I was trying very hard to communicate with them, but they weren't interested and so I felt like a predator. It's not healthy for me to put myself in situations where I feel like that. And that chatroom website is very strict where I can probably get banned for my private communications with them. I need to find better environments to communicate with women, and I should try public communication rather than private communication.

It hurts a lot when I try to communicate with people and they don't communicate back. But unlike private communication, public communication has a greater audience. I don't have to feel rejected so much, within public communication, because there's usually always somebody to communicate with. I feel less judged in public communications, because there are people in public conversations to make sure I'm not being judged.

I don't privately message men, so why should I privately message women? It's very near sexting, with my history anyhow. And part of improving my sexual health involves being more public and less private.

One reason why I decided to privately communicate with them is because I haven't been having much luck publicly communicating with others. I have a mental illness and people tend to not want to communicate with me because of it. Some people avoid me because of my mental illness, gender, sexuality, religion, hair, skin color, race, age, economy, and height. But whether I publicly or privately communicate with women, they will still not want to communicate with me. And public communication allows me to communicate with an audience of people, rather than just one person, increasing my chances of finding someone who will communicate back with me or understand me.

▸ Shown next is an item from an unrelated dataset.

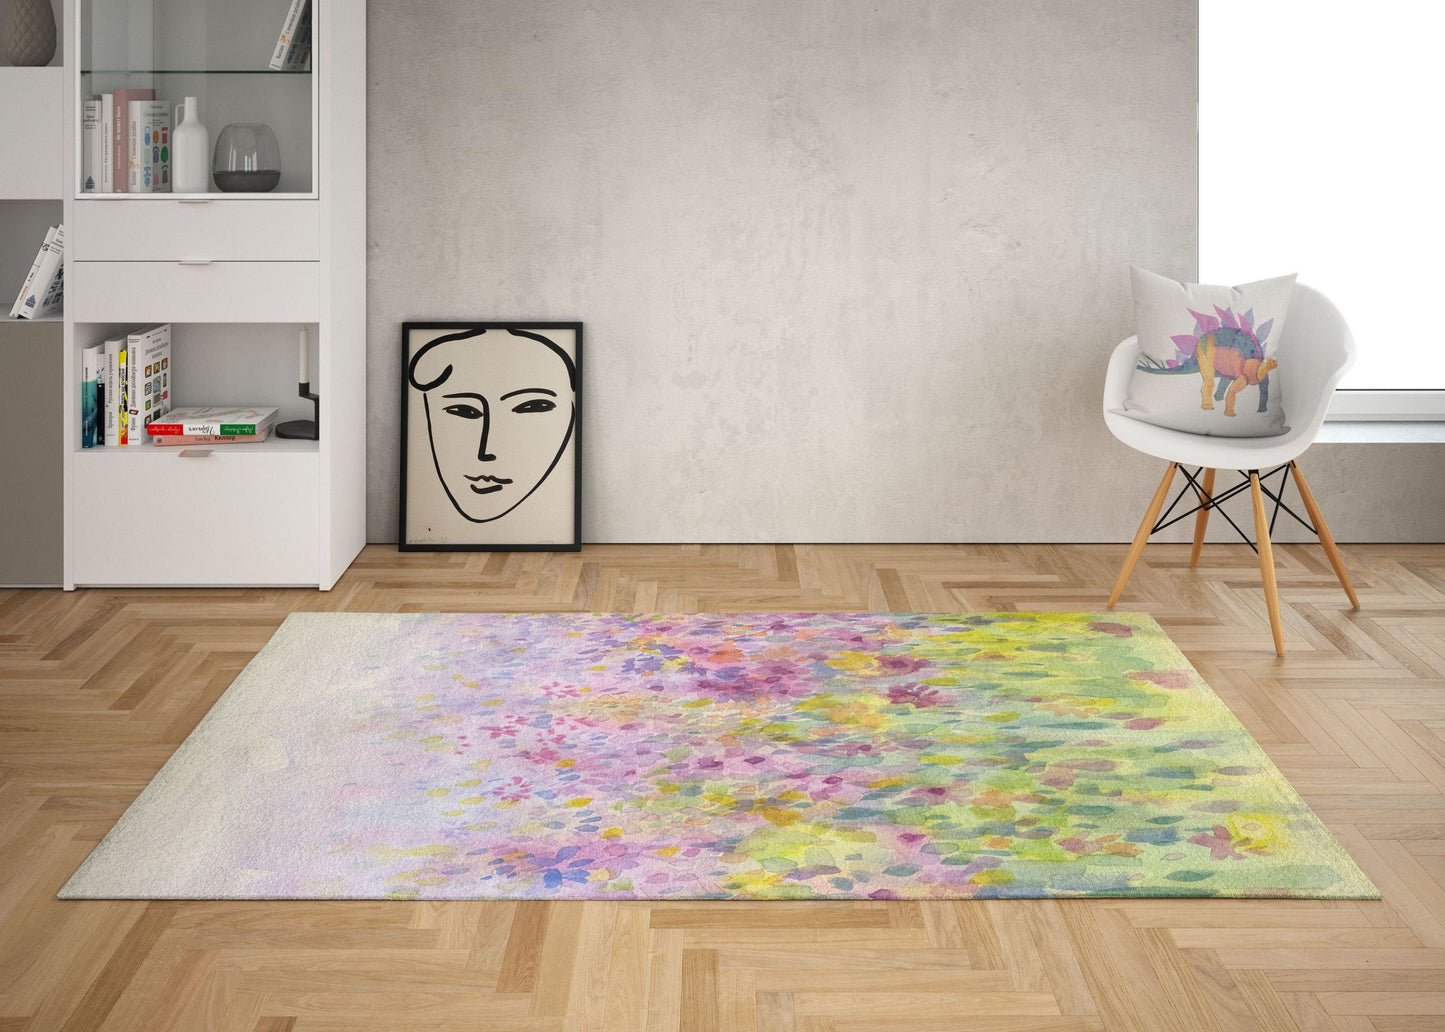 Rugs And Carpet, Large Area Rugs, Thick Carpet, Rectangle Rug, Rainbow Area Rug, Floral Rug, Modern Area Rug, Housewarming Gift, Made In USA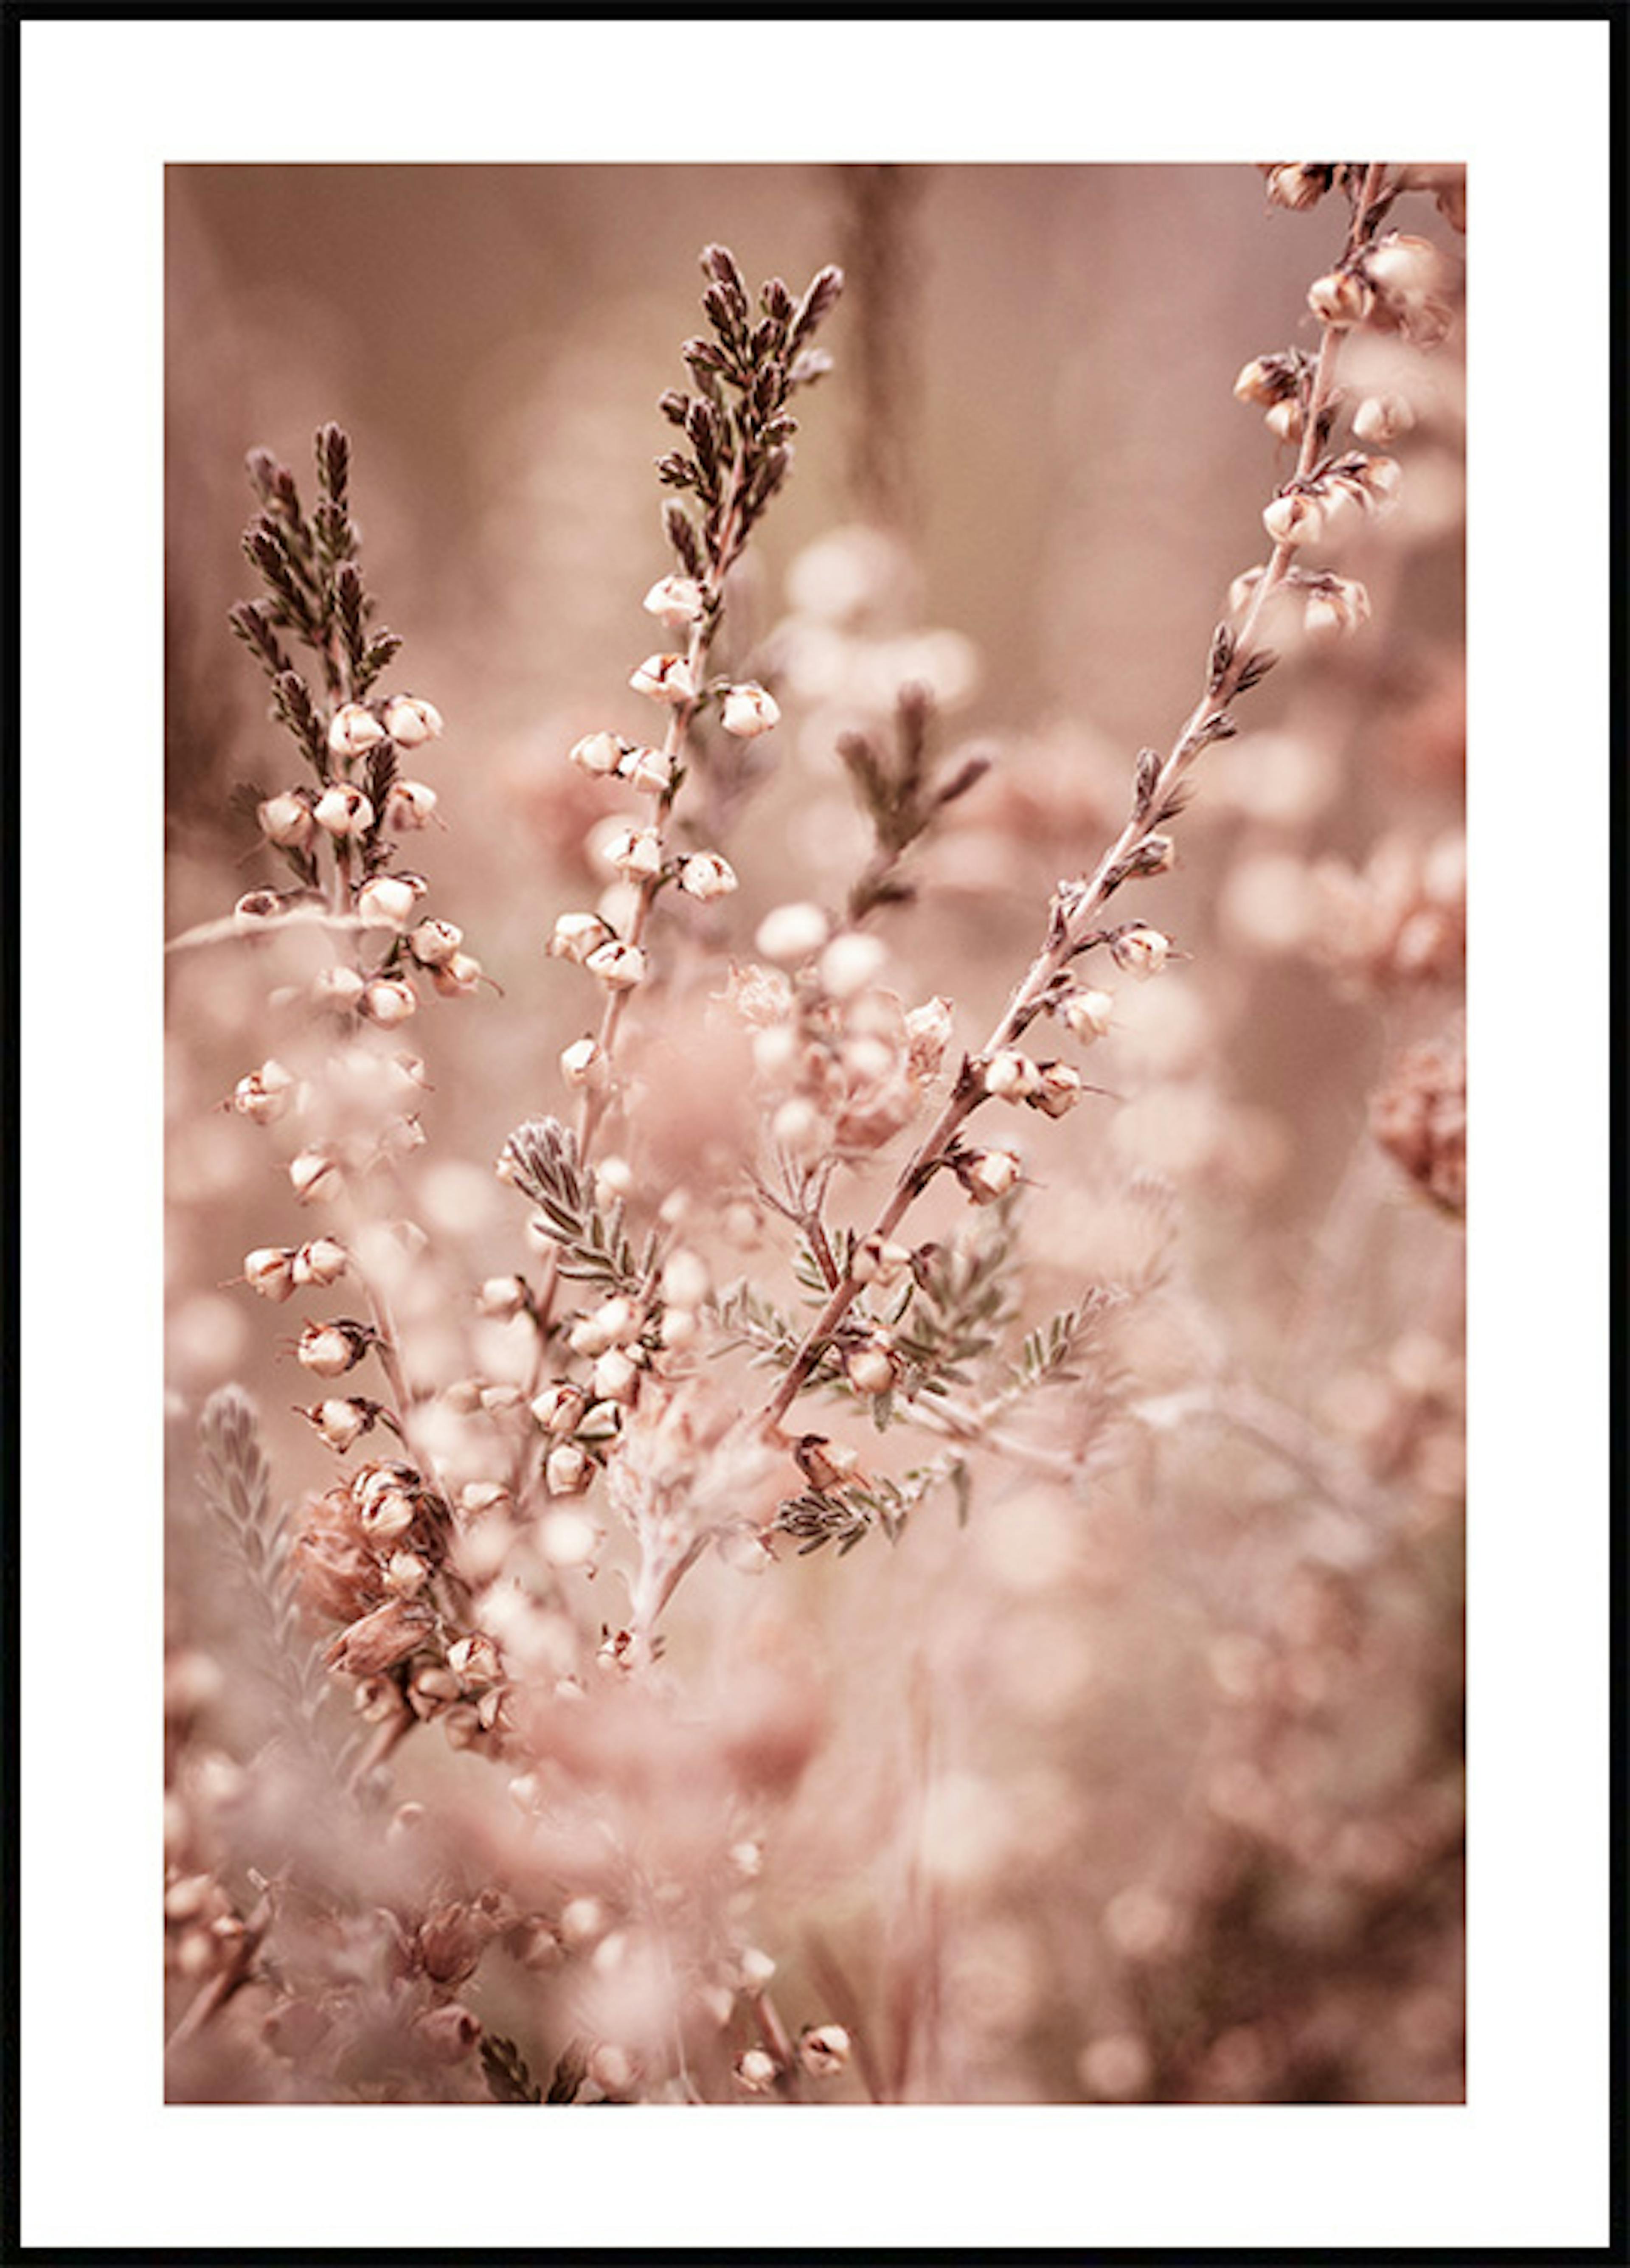 Heather Flowers Poster 0

Today was a failure for me because I relapsed and privately communicated with women, even though I didn't sext them. My sexual health only worsens when I privately behave like this. Next time if I want to communicate with women, I need to do it in a public environment. And if women don't want to communicate with me, then that's pefectly okay.

I shouldn't pressure myself to communicate with women, honestly. Communication is important for me, and communicating helps lower my social anxiety that can affect my sexual health. But I can communicate with people, in general. I don't need to deliberately try to communicate with women, especially random women who'll end up making me feel very sad and predatory.